Stored dataset items:

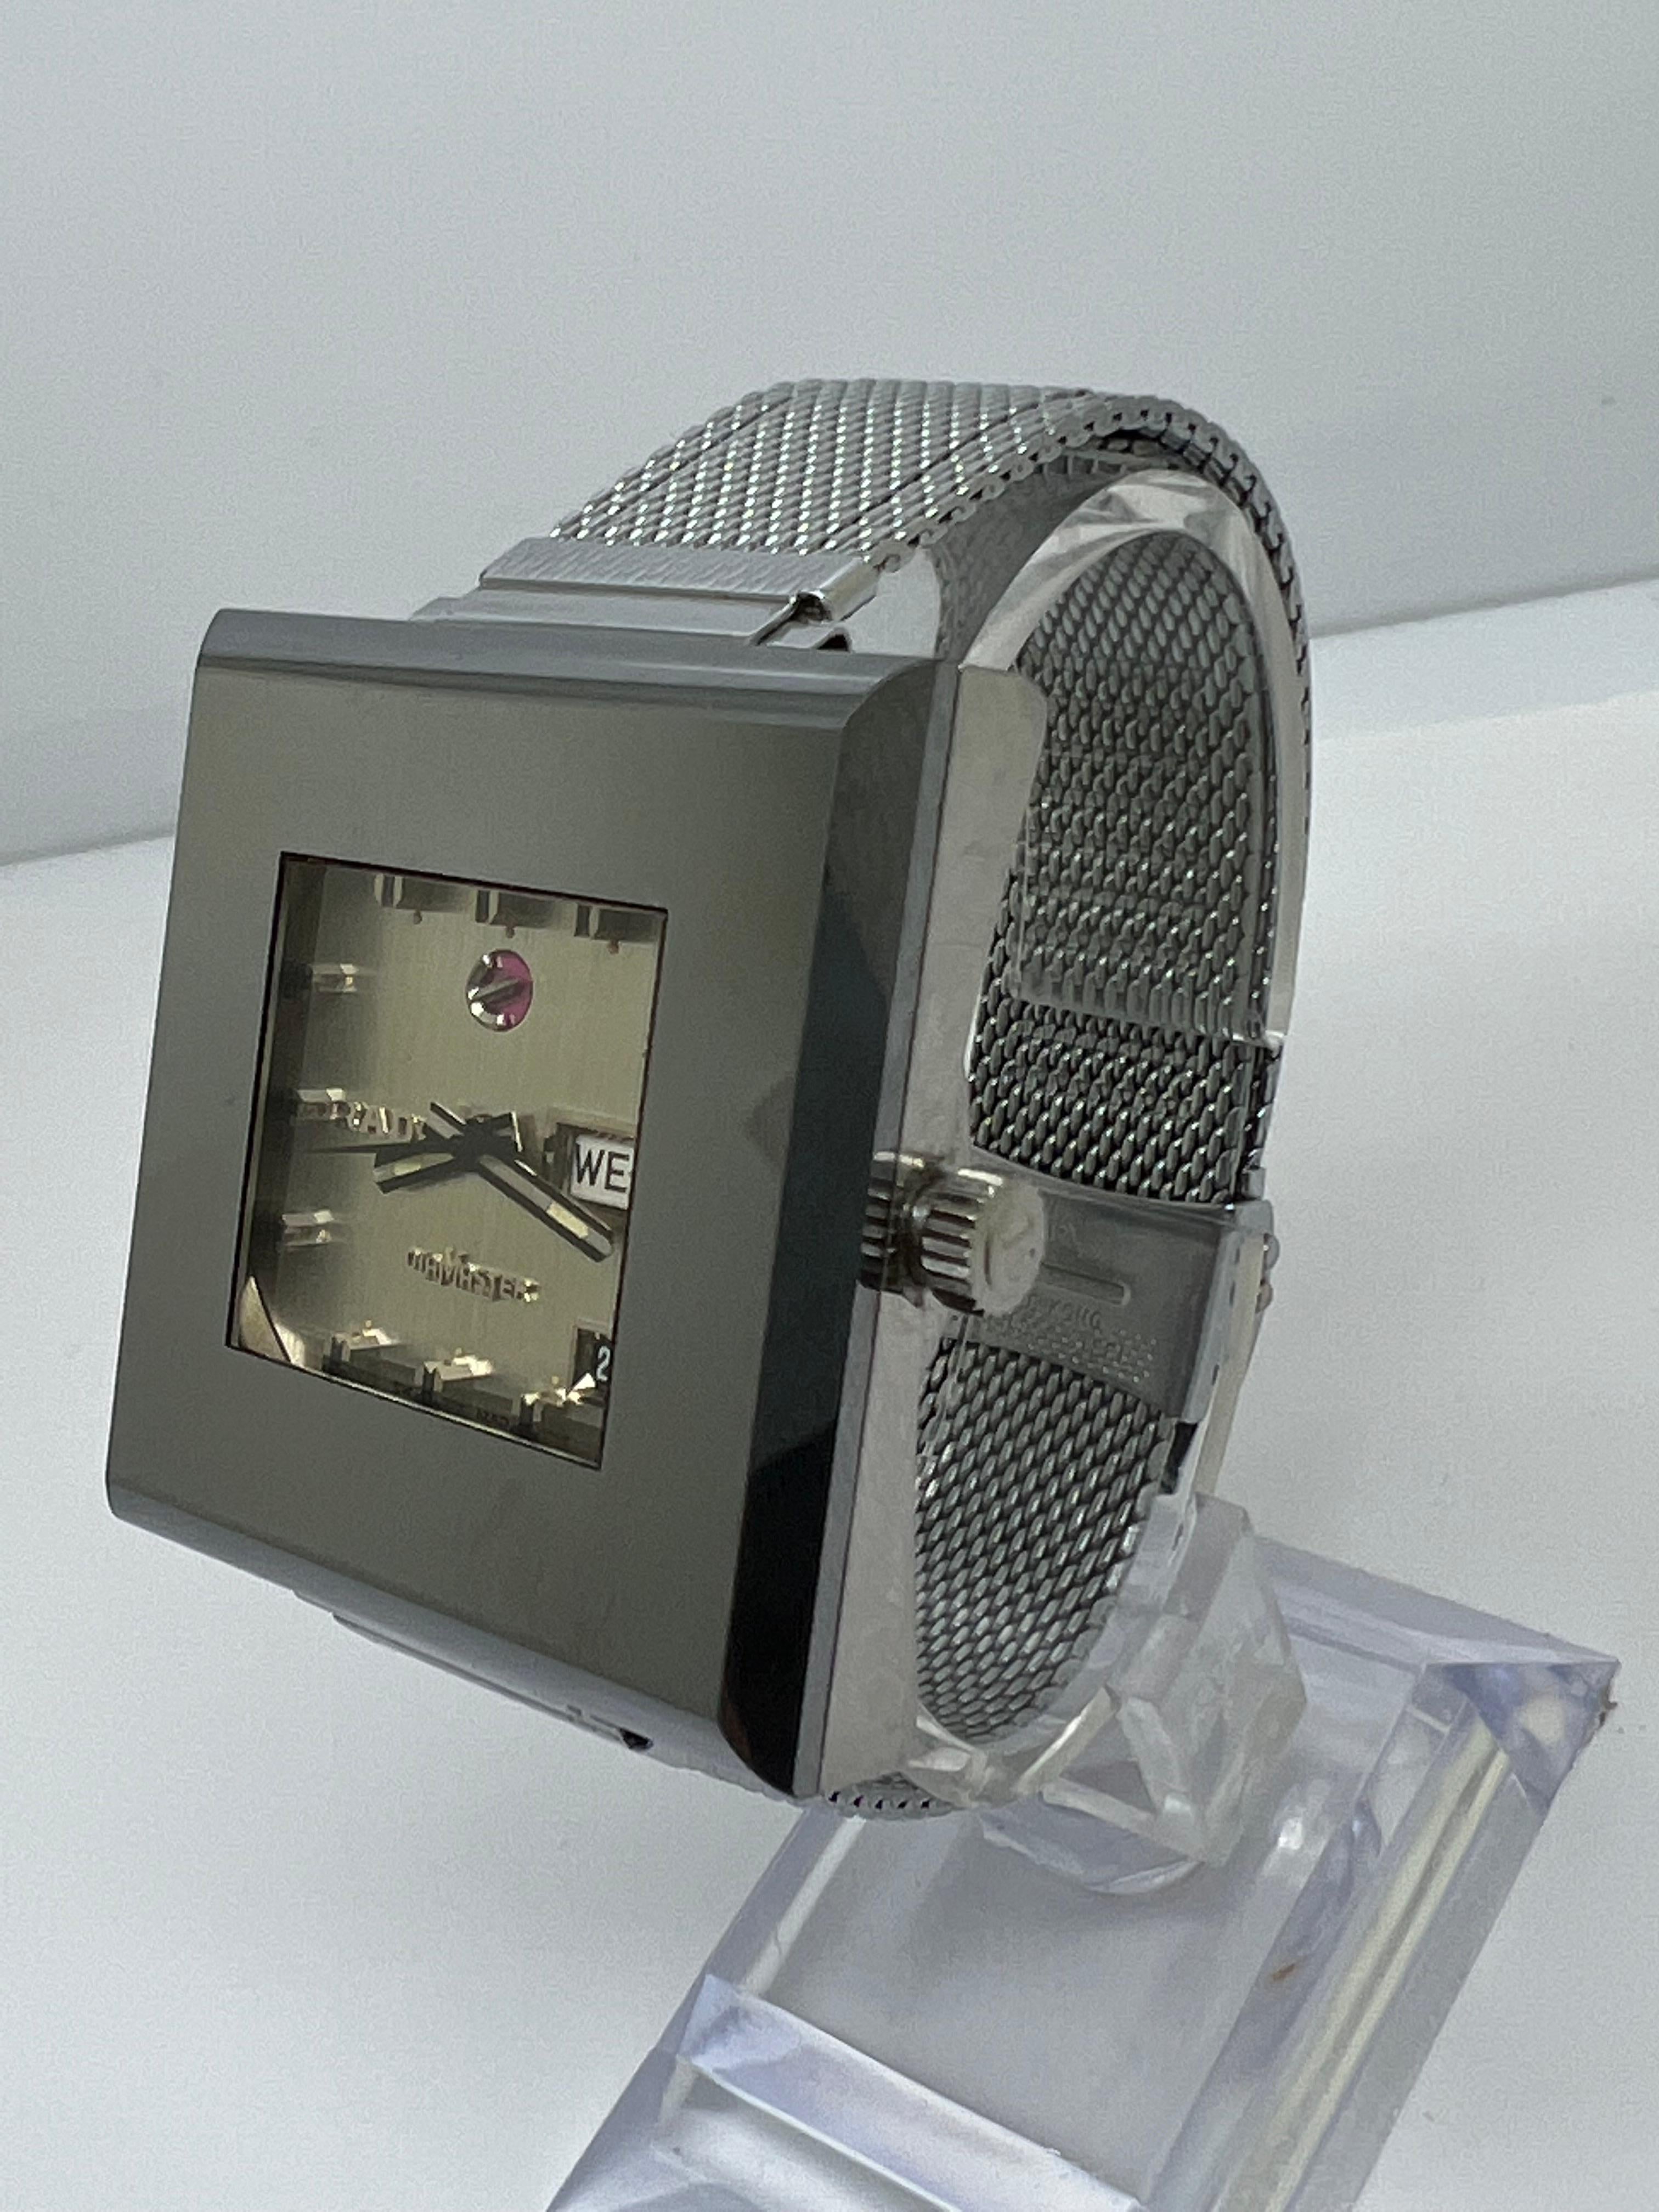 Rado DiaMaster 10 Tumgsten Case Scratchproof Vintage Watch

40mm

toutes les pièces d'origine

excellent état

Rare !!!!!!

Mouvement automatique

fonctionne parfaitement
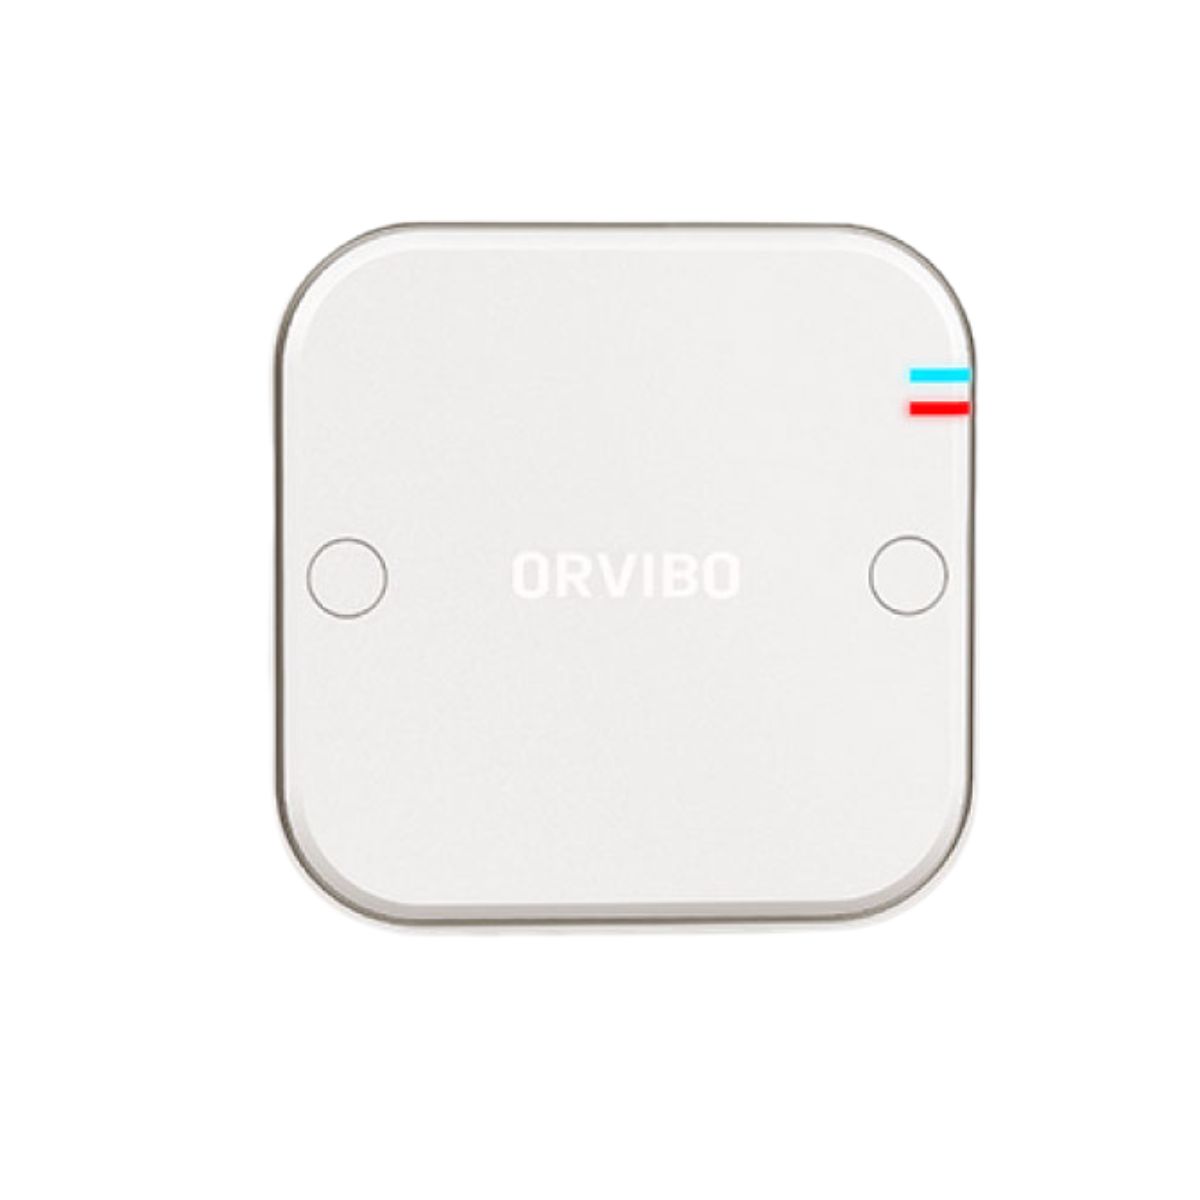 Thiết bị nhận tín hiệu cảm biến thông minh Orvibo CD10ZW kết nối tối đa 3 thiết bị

# PROBLEM DESCRIPTION:
None of the pictures should appear; the rest of the entries must be reproduced exactly.

# SOLUTION TO THE EXERCISE:
 Rado DiaMaster 10 Tumgsten Case Scratchproof Vintage Watch

40mm

toutes les pièces d'origine

excellent état

Rare !!!!!!

Mouvement automatique

fonctionne parfaitement
 Thiết bị nhận tín hiệu cảm biến thông minh Orvibo CD10ZW kết nối tối đa 3 thiết bị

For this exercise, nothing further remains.